Early reviews in the theatre-full of little kids I saw "The Last Airbender" with were enthusiastic: whoops and wows scattered throughout and a chorus of cheers at the end. The movie is filled with heroic feats, high-kicking martial arts, and elaborate digital imagery, and this is the audience it's aimed at (along with — the filmmakers hope — an elder demographic that will be drawn in, too).

Those unfamiliar with "Avatar: The Last Airbender," the animated series that ran on Nickelodeon from 2005 to 2008, may find themselves straining to track the movie version's live action. The fantasy world of the film is divided into four tribal nations, each devoted to one of the four elements: Earth, Air, Fire and Water. In each of these tribes there are specialized citizens called "benders," who can manipulate the national element at will. And somewhere there's an Avatar — a spiritual figure, reborn throughout time — who can control all four elements and generally keep the peace among the nations.

But the last Avatar disappeared a hundred years ago, allowing the Fire Nation, led by the glowering Lord Ozai (Cliff Curtis), to embark on a campaign of world conquest. Ozai's black-armored troops have already exterminated the benders of the Air Nation — all but one. Now the Fire Lord has dispatched his son, Prince Zuko (Dev Patel), to find that elusive individual: the last airbender. This turns out to be a 12-year-old boy in a purple cloak and a dusting of runic tattoos. His name is Aang (Noah Ringer), and he's discovered on an ice floe one day by a waterbender named Katara (Nicola Peltz) and her brother Sokka (Jackson Rathbone). We soon learn that Aang is not only the last airbender, he's also the long-sought Avatar. Where has he been for the last century? "I ran away from home," he says.

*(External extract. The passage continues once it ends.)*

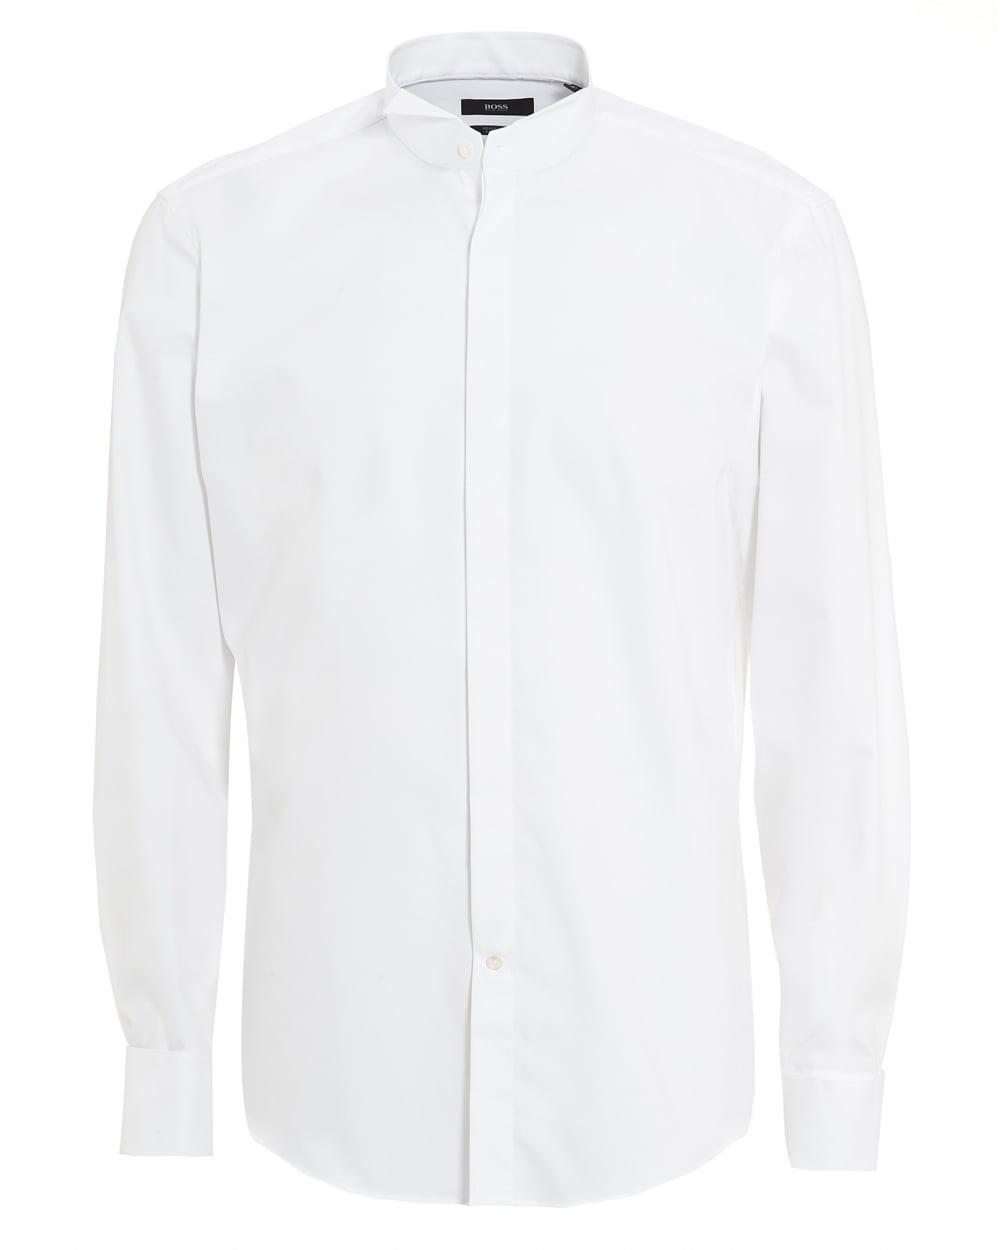 Hugo boss black mens jillik slim fit white dress shirt for Hugo boss dress shirt review
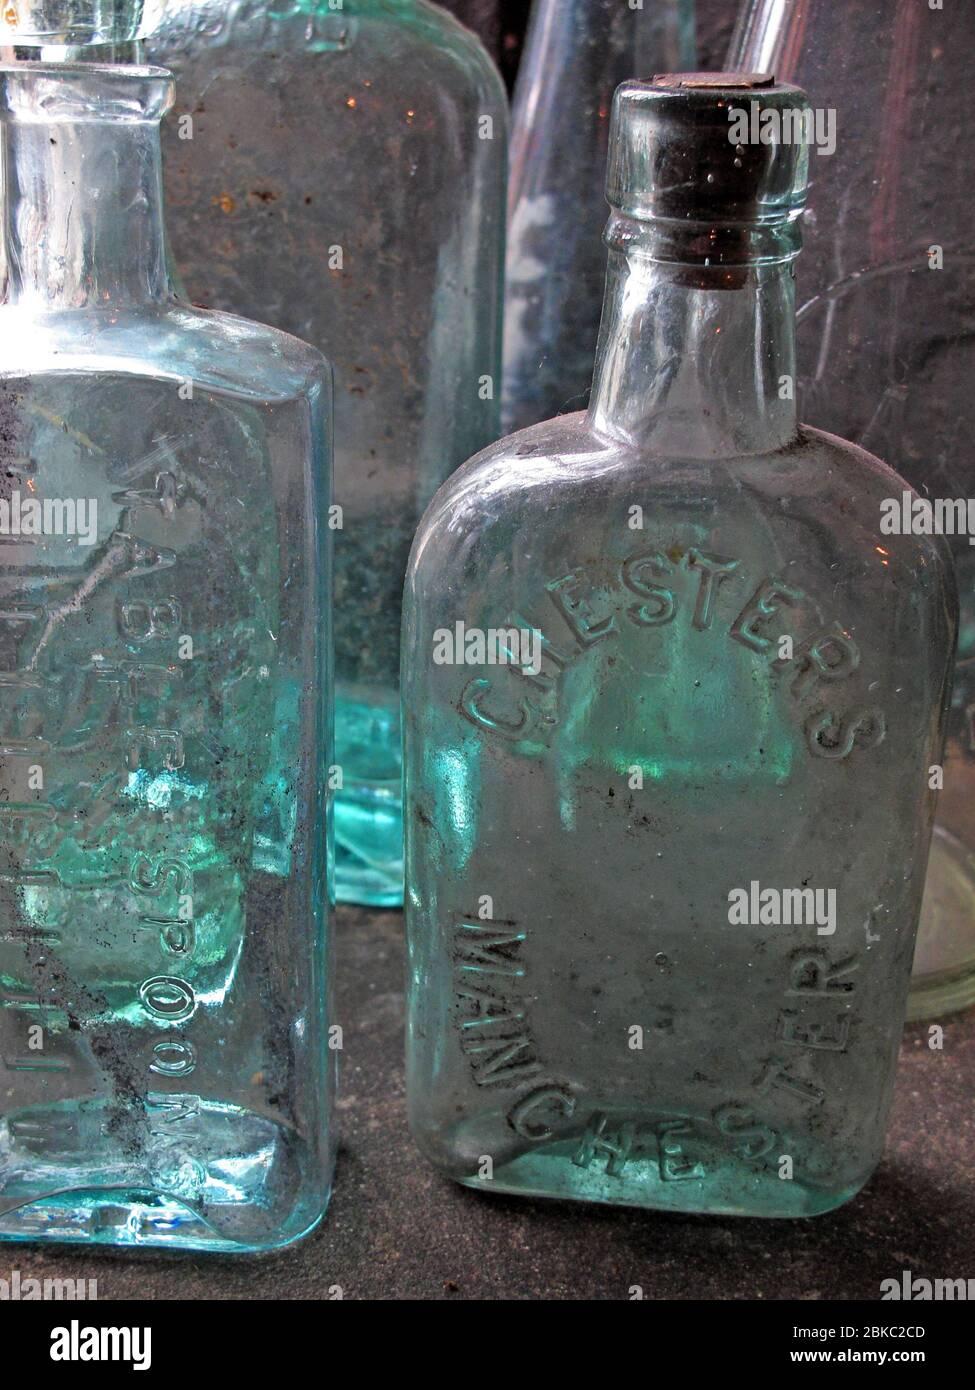 Dieses Stockfoto: Viktorianische Glas Milch und Medizin Flaschen, recyclebar - 2BKC2C

Aang and his new protectors spend the rest of the movie dodging Prince Zuko and a scheming Fire Nation commander named Zhao (Aasif Mandvi) amid great fire lashings and water whips and much taekwondo posing. There are massed digital ships, rampaging battle rhinos, a wise cave dragon, a six-legged sky beastie and a friendly flying fruit bat who goes by the name Momo. Among many, many other things.

That's a lot of story. And the movie is so packed (cast of 6000) and rushed and choppily edited that you soon give up trying to figure out what's happening and just let it drag you along. The picture is crammed with big-budget CGI — it seems determined to command our interest through sheer technological will. But while some of the digital constructions are amazingly inventive, at the end we're left feeling wrung-out, and wearily unamazed.

Possible the most curious thing about this film is that it was written and directed by M. Night Shyamalan, a man once capable of such twisty delights as "The Sixth Sense" and "Unbreakable." In the six years since the last of his movies with Disney, Shyamalan has become a wandering supplicant, touching down at Warner Bros. to make the very silly "Lady in the Water," and then at Fox for the much-unloved "The Happening." Now he has landed at Paramount, where he acknowledges that he's taking a crack at launching a blockbuster franchise. "The Last Airbender" ends with the iron vow of a sequel. Will Shyamalan's technoid determination be sufficient to keep that promise? Or will the search for a welcoming studio home have to continue?